I still don’t quite know what I’m doing with drag racers. While I insist on including them, this remains a major blind spot for me. When I grew up watching RPM2Night, the NHRA certainly got a lot of play. Drag racers always made ESPN’s various greatest driver lists, frequently were nominated for ESPYs, and drag racing results were posted right alongside F1, IndyCar, and NASCAR results in newspapers all the time. Drag racres routinely make American auto racing Halls of Fame. I know this is a largely American discipline and the rest of the world doesn’t care (even less than they care about NASCAR, for instance), and many general racing fans consider it to be entirely an engineering exercise that takes no real skill (I think this is wrong, but I’m probably not knowledgeable enough to explain why). But I know American motorsports fans care, even though I’ve never been that into it myself. And also, I admit that it helps make my list at least marginally more diverse and that is something I desire. There aren’t many black drivers who qualify for the list because auto racing is an expensive sport and black drivers often lack the financial resources needed to go racing. At least including Brown brings it to three along with Lewis Hamilton and Willy T. Ribbs. Wendell Scott is important but I just don’t think the numbers are there. Bubba Wallace’s case I actually like better than Scott’s, and he could definitely be worthy of consideration by the time I’m done. Including drag racers also provides me the opportunity to include more women, which is also something I want. Because I honestly think Michèle Mouton might be the only woman worthy of making the list otherwise.

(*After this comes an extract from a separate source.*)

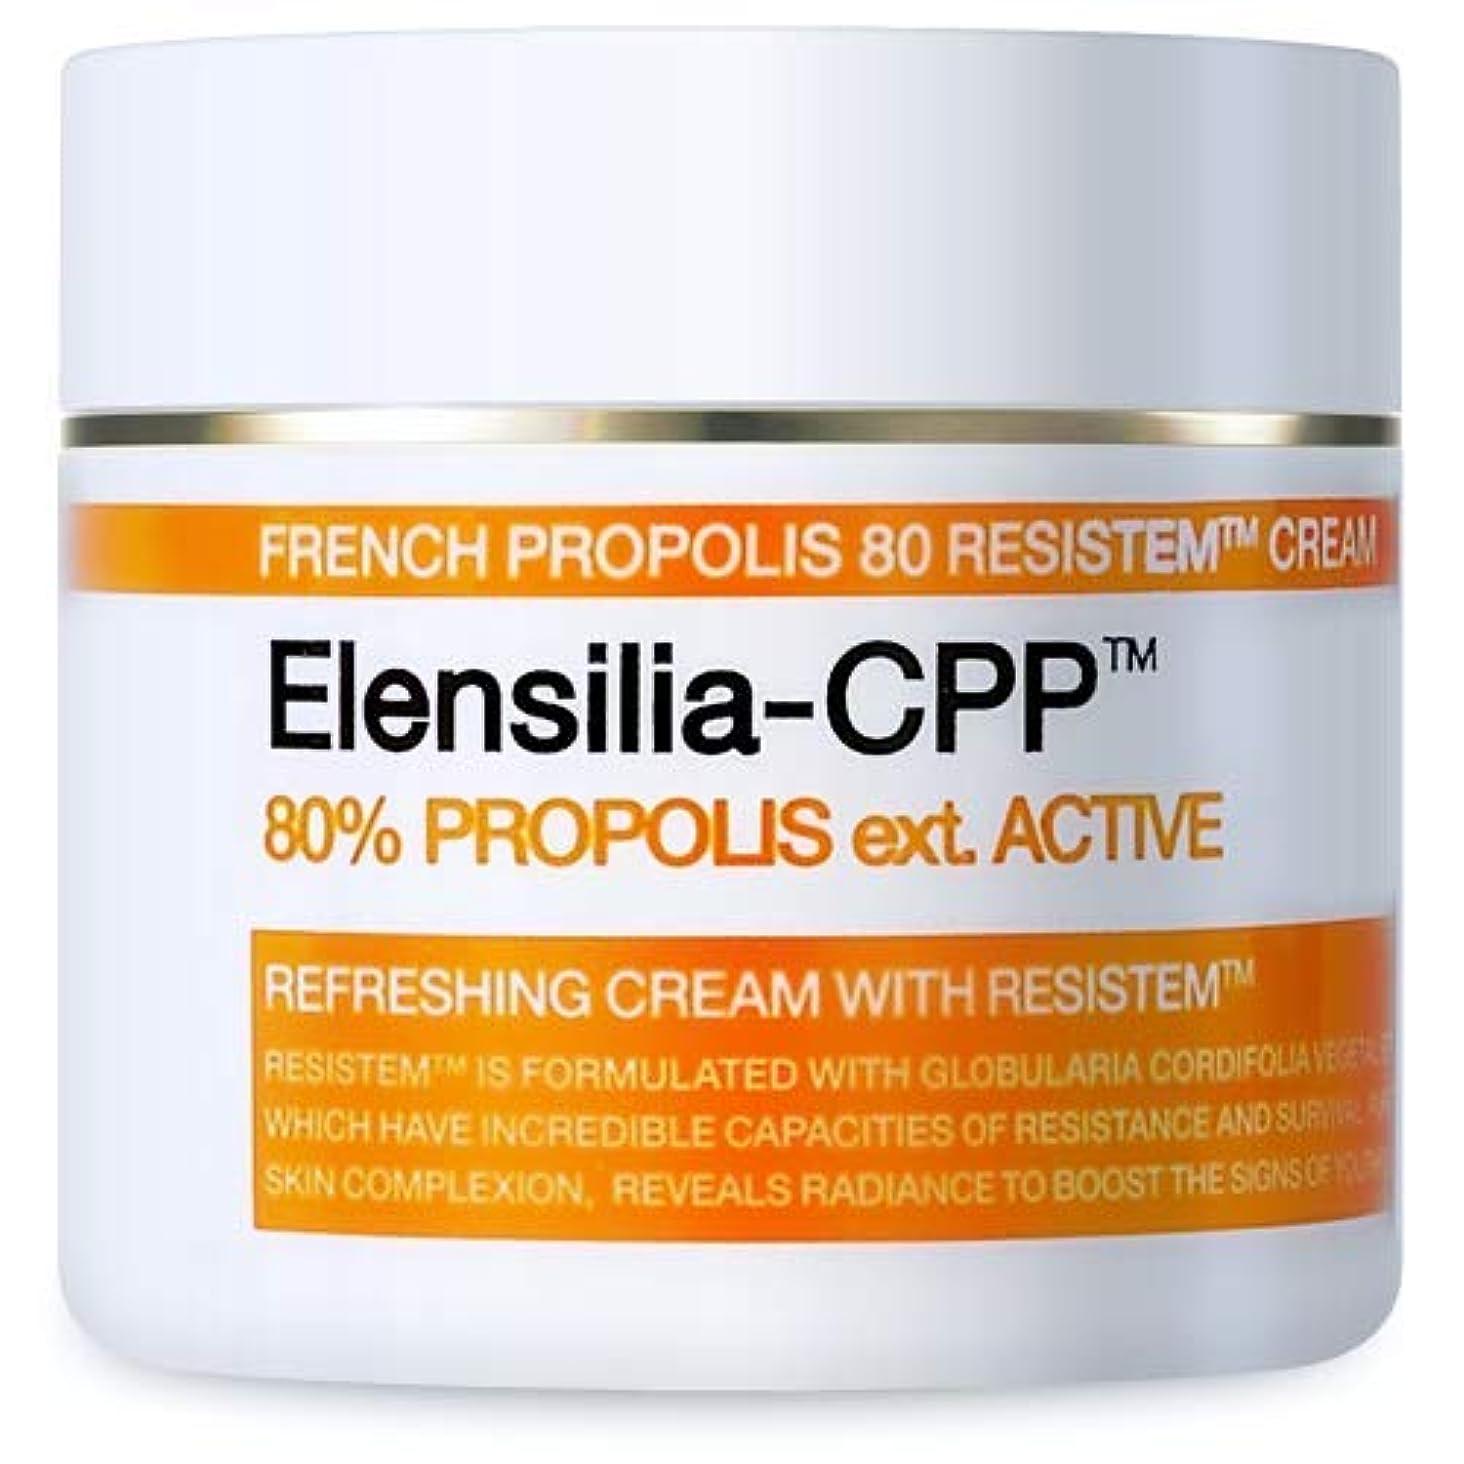 絶望的な従事したトンネルElensilia CPP フレンチ プロポリス 80 リシステム クリーム / CPP French Propolis 80 Resistem Cream (50g) [並行輸入品]
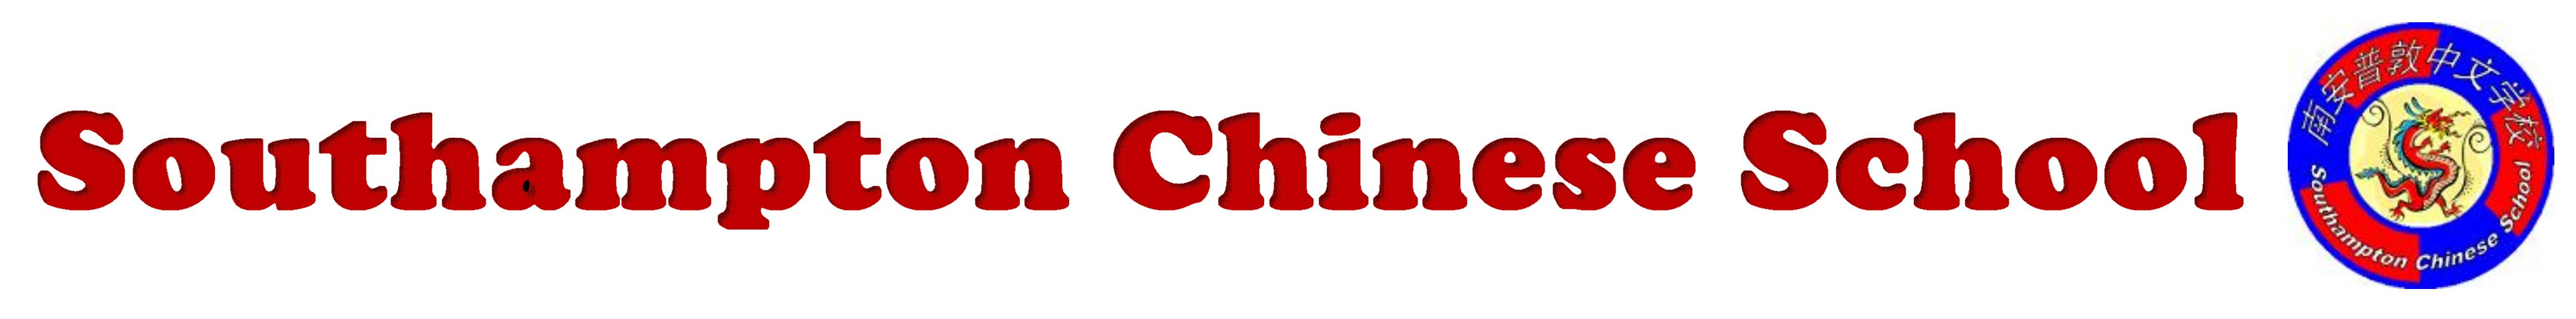 Southampton Chinese School

Buy obviously comparing drag racers to circuit racers is apples vs. oranges, and I do get the sense that the NHRA has lost a great deal of prestige since I grew up in the ‘90s. It doesn’t feel like any of the drag racers from this century is an icon the same way that Bob Glidden, John Force, or Kenny Bernstein were, no matter how successful they were. Some of this is the collapse of the monoculture (you could say that about NASCAR drivers too), some of it is probably that the mainstream American public stops talking about many sports once ESPN is no longer covering them (this also happened with the NHL), and some of it is that NASCAR’s dominance crowded out all discussion of other forms of American racing. But still, it seems like most of the drag racing fans I did know on other message boards did not take recent Top Fuel racing seriously both because of the Countdown (their imitation of NASCAR’s Chase) and the fact that Top Fuel races were reduced from 1/4 mile to 1,000 feet after Scott Kalitta’s death in 2008. I do see people hyping Brown some, but I rarely see anyone hyping Steve Torrence even though he won four consecutive Top Fuel titles and had an even more dominant peak than Brown did. It seems drag racing isn’t as important as it used to be, and that’s why I’m ranking the current drivers lower than drivers with comparable or even worse stats in the period when it captured the cultural zeitgeist. But maybe you could say this is unfair because you could argue IndyCar collapsed harder and I don’t do that with IndyCar drivers. On the other hand, I find their drivers easier to evaluate, probably because I actually follow it in a way I never really followed NHRA. I think with drag racers, I tend to go by reputation and media hype more than numbers sometimes, and I need to find a way to evaluate them more rigorously, so I don’t think this is my best work. After realizing Brown was driving for his own team (which was something I didn’t even know), I decided to upgrade his 2022 season to C- and 2024 to E-, so I’ll have to figure out which drivers to drop later.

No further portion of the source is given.